Strategic Object Placement Project: We have demonstrated the placement of objects in the workspace significantly influences everyday action performance in people with dementia and people with schizophrenia. Most people benefit greatly from the strategic placement of objects in the workspace (i.e., placing objects in the order in which they should be used in a task and removing distractor objects from view).

The Effect of Goal Cues on Everyday Action in Dementia: Goal cues may be used to remind people of a task goal to prevent decay of task schema and keep individuals on track. We have shown that reminders about task goals greatly reduces the number of omission errors but does little to change the number of commission errors. In fact, goal cues were only effective at significantly improving performance for individuals with a large number of omission errors. This finding underscores the importance of careful characterization of everyday action impairment and indicates that in order to maximize the benefit of behavioral interventions, we must match intervention strategies to peoples’ specific functional deficit profiles.
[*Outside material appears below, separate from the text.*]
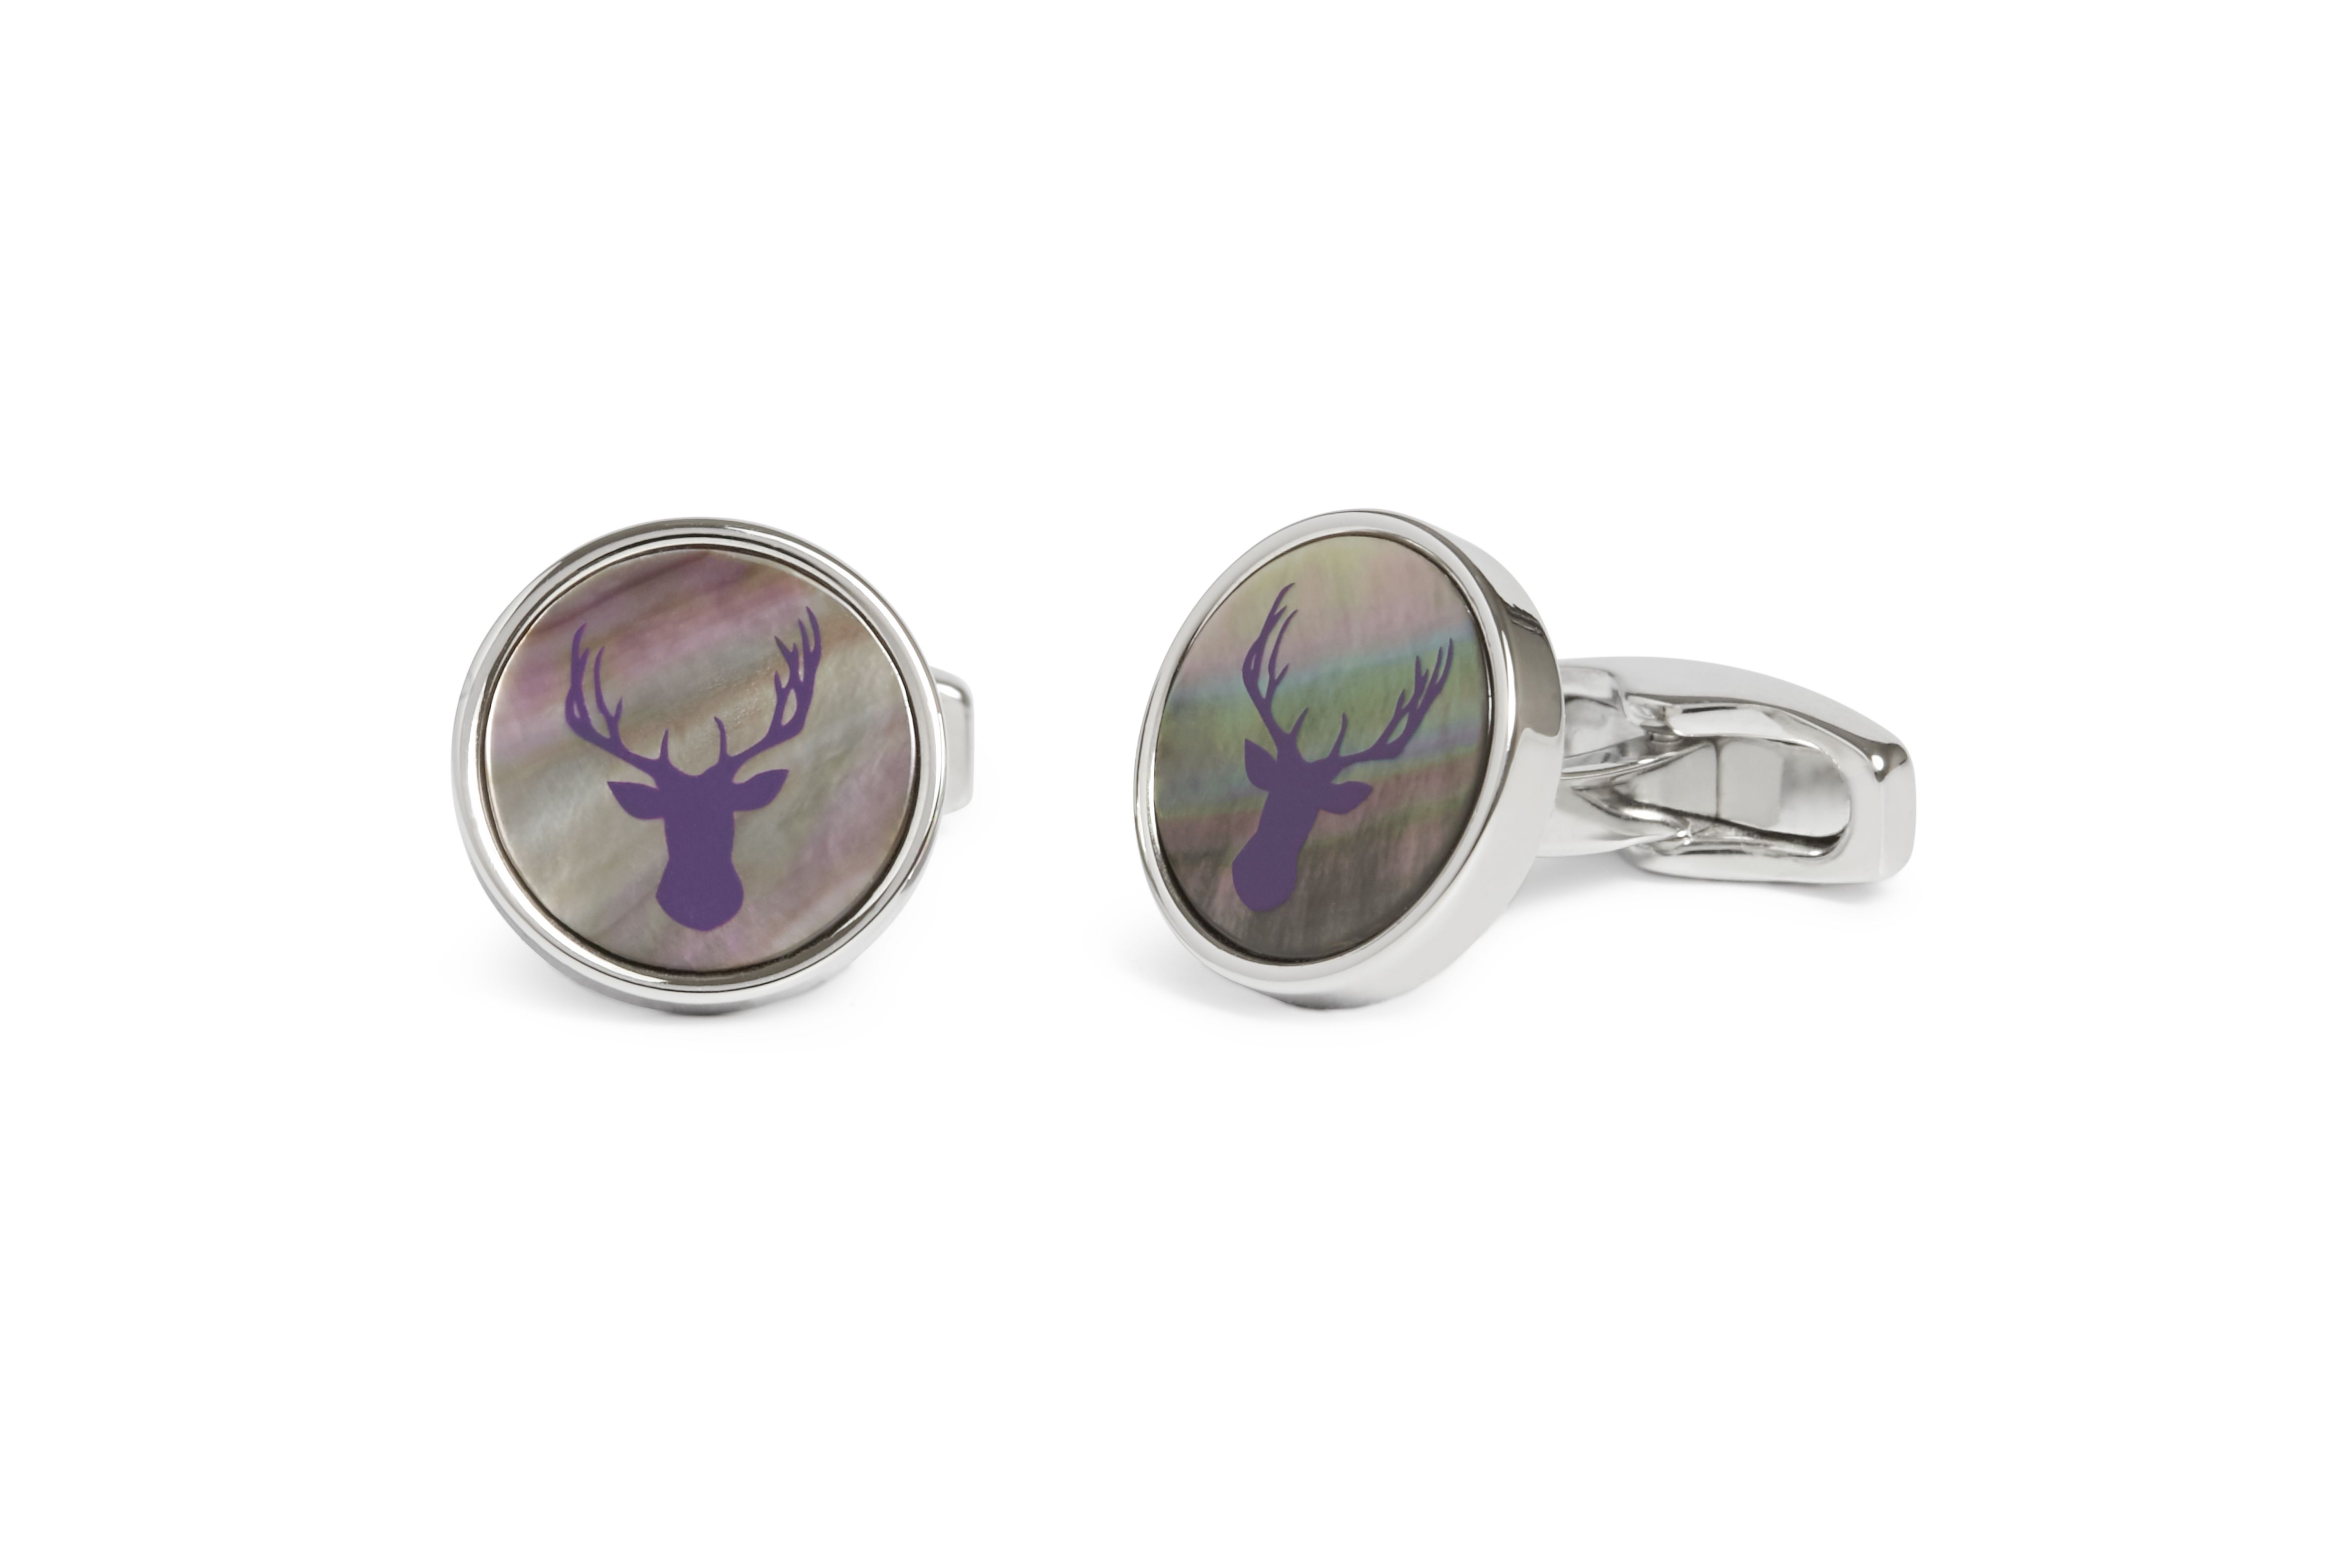 A majestic stag in silhouette, ingeniously screen printed onto grey mother of pearl. Inspired by the success of my 'Pursuits Stag, cufflink this piece is designed to evoke the colours of the Scottish Highlands - the rich, multi earth-hued tones of grey mother of pearl evoke the colours of highland moors, grey granite, the muted grey/green of bog myrtle, heather in bloom, the brown flanks of rocky hills. A simple design, but very effective in its combinations.

Feasibility of the SmartPrompt for Improving Everyday Function in Dementia: People with dementia experience difficulties completing everyday tasks, such as remembering to take medications, leading to secondary health issues, caregiver burden, and high medical care costs. With our collaborator, Chiu Tan in the Department of Computer and Information Science at Temple, this project evaluates the feasibility and usability of a smartphone-based prompting application informed by neuropsychological data and theory. By leveraging the technology capabilities of personal smartphones, the SmartPrompt is designed to promote accurate completion of everyday activities in older adults with dementia. The ultimate goal of this project is to promote aging in place and reduce caregiver burden.

Improving Everyday Task Performance through Repeated Practice in Virtual Reality: Cognitive training leads to reliable improvements on the specific task(s) that are repeatedly practiced, but transfer to untrained, functional tasks is limited. Because of both limited transfer and rigid (procedural) learning in AD, novel language-based interventions for dementia have focused on repeated practice with a circumscribed and highly personalized vocabulary to maintain functional communication. Repeated practice of everyday tasks (leveraging intact procedural memory) also has been shown to improve performance of trained tasks in people with AD but is not a feasible intervention, because the effort required to set up tasks, monitor performance, and provide feedback/supervision is far greater than having a caregiver simply complete the task for the patient. In collaboration with Takehiko Yamaguchi from the VR and Data Science Lab at Suwa University of Science in Japan, this project evaluated the efficacy of a low-cost computer training program that uses non-immersive virtual reality (VR) to enable participants with AD to independently practice meaningful everyday activities (e.g., meal preparation).

Goal 3: COLLABORATIVE Projects 

Mechanisms and Treatment Strategies to Counter Addiction Susceptibility Post TBI: This project is a sub-aim of a large, multidisciplinary study that includes investigators from several departments at Temple University and Temple Medical School, Drexel University, and the Coatesville VA. In collaboration with the Temple Olson Lab, this project evaluated concussed and non-concussed athletes with behavioral testing and brain imaging to determine relations between cerebral white matter integrity, cognitive abilities, addictive behavior, and concussion symptoms.

Peri-Operative Cognitive Function in Older Adults Undergoing Cardiac Surgery: This collaborative project with Thomas Floyd and Catherine Price examines cognitive and neurologic outcomes in older adults who undergo cardiac surgery.